The display subsystem of a mobile device usually consumes 38%-68% [1] of the total battery power in video streaming. Therefore, a few schemes have been designed to reduce the display power consumption. The basic idea is to dim the backlight level while properly compensating the pixel luminance to maintain image fidelity. The luminance compensation and proper backlight level calculation are computation intensive and demand per-frame luminance information. For these reasons, existing schemes only work for video-on-demand where each frame (and thus the luminance information) is available in advance. In addition, they demand additional computing resource support. Otherwise, if the computation is conducted on the mobile device, the power consumption due to such computation can easily offset the power savings from dimming the backlight. In this work, we set to investigate power saving for real-time video calls on mobile devices. Different from video-on-demand, real-time video calls are highly delay sensitive and the frame luminance information is not known in advance. Moreover, video calls often involve multiple streaming sources from multiple (≥2) participants, making it more difficult. Because there are few background changes and the frame rate is usually small in video calls, we design a Greedy Display Power saving scheme, called LCD-GDP, which utilizes the commonly available GPU on mobile devices without demanding additional support. Our design is implemented on WebRTC, a popular real-time web browser based video call standard. Experiments show that our scheme can save up to 33% power consumption in video calls without affecting the video call quality.

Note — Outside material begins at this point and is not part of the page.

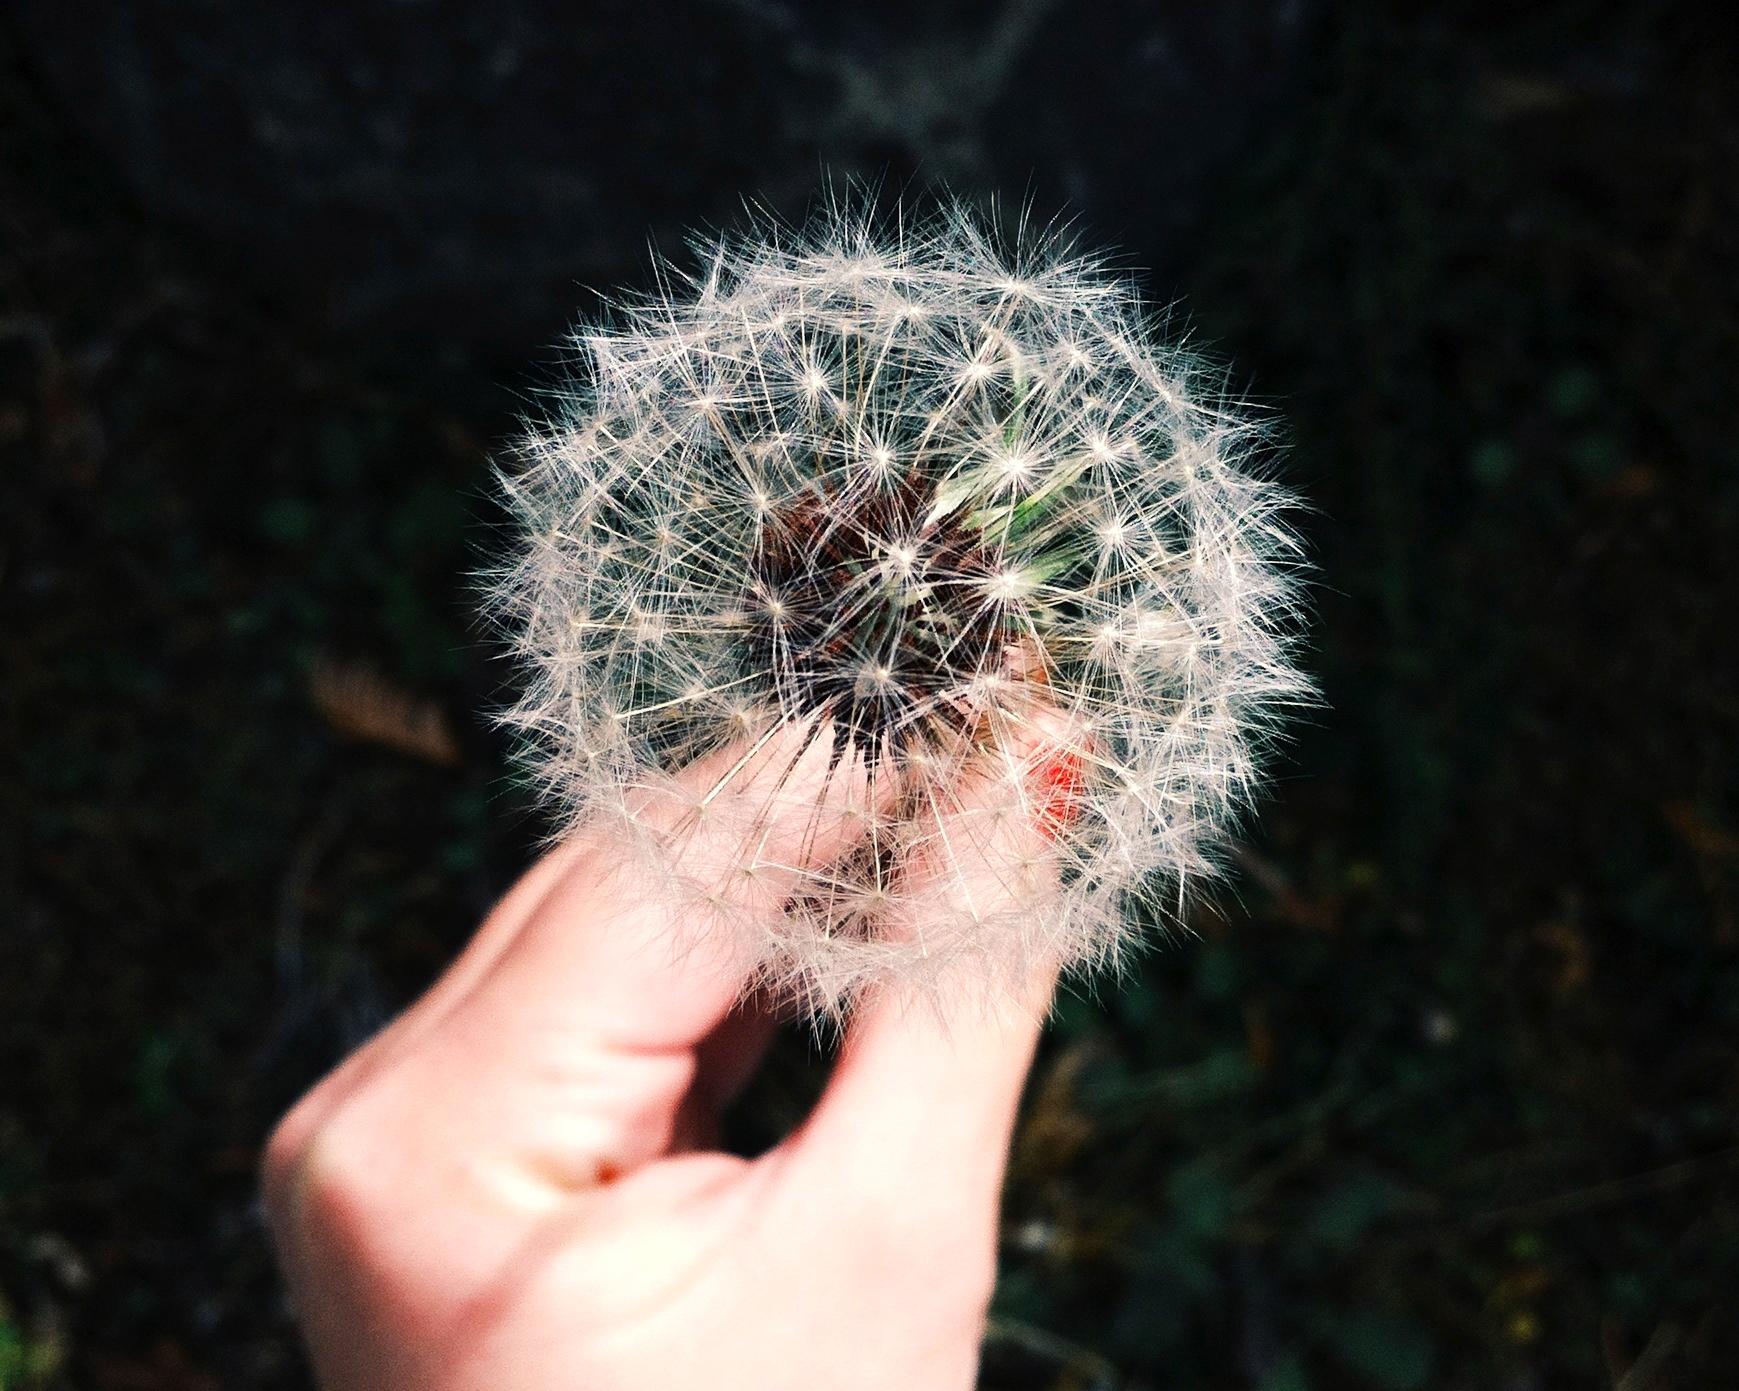 Holding a dandelion

Content-Adaptive Display Power Saving for Internet Video Applications on Mobile Devices

Backlight scaling is a technique proposed to reduce the display panel power consumption by strategically dimming the backlight. However, for mobile video applications, a computationally intensive luminance compensation step must be performed in combination with backlight scaling to maintain the perceived appearance of video frames. This step, if done by the Central Processing Unit (CPU), could easily offset the power savings via backlight dimming. Furthermore, computing the backlight scaling values requires per-frame luminance information, which is typically too energy intensive to compute on mobile devices. In this article, we propose Content-Adaptive Display (CAD) for two typical Internet mobile video applications: video streaming and real-time video communication. CAD uses the mobile device’s Graphics Processing Unit (GPU) rather than the CPU to perform luminance compensation at reduced power consumption. For video streaming where video frames are available in advance, we compute the backlight scaling schedule using a more efficient dynamic programming algorithm than existing work. For real-time video communication where video frames are generated on the fly, we propose a greedy algorithm to determine the backlight scaling at runtime. We implement CAD in one video streaming application and one real-time video call application on the Android platform and use a Monsoon power meter to measure the real power consumption. Experiment results show that CAD can save more than 10% overall power consumption for up to 55.7% videos during video streaming and up to 31.0% overall power consumption in real-time video calls.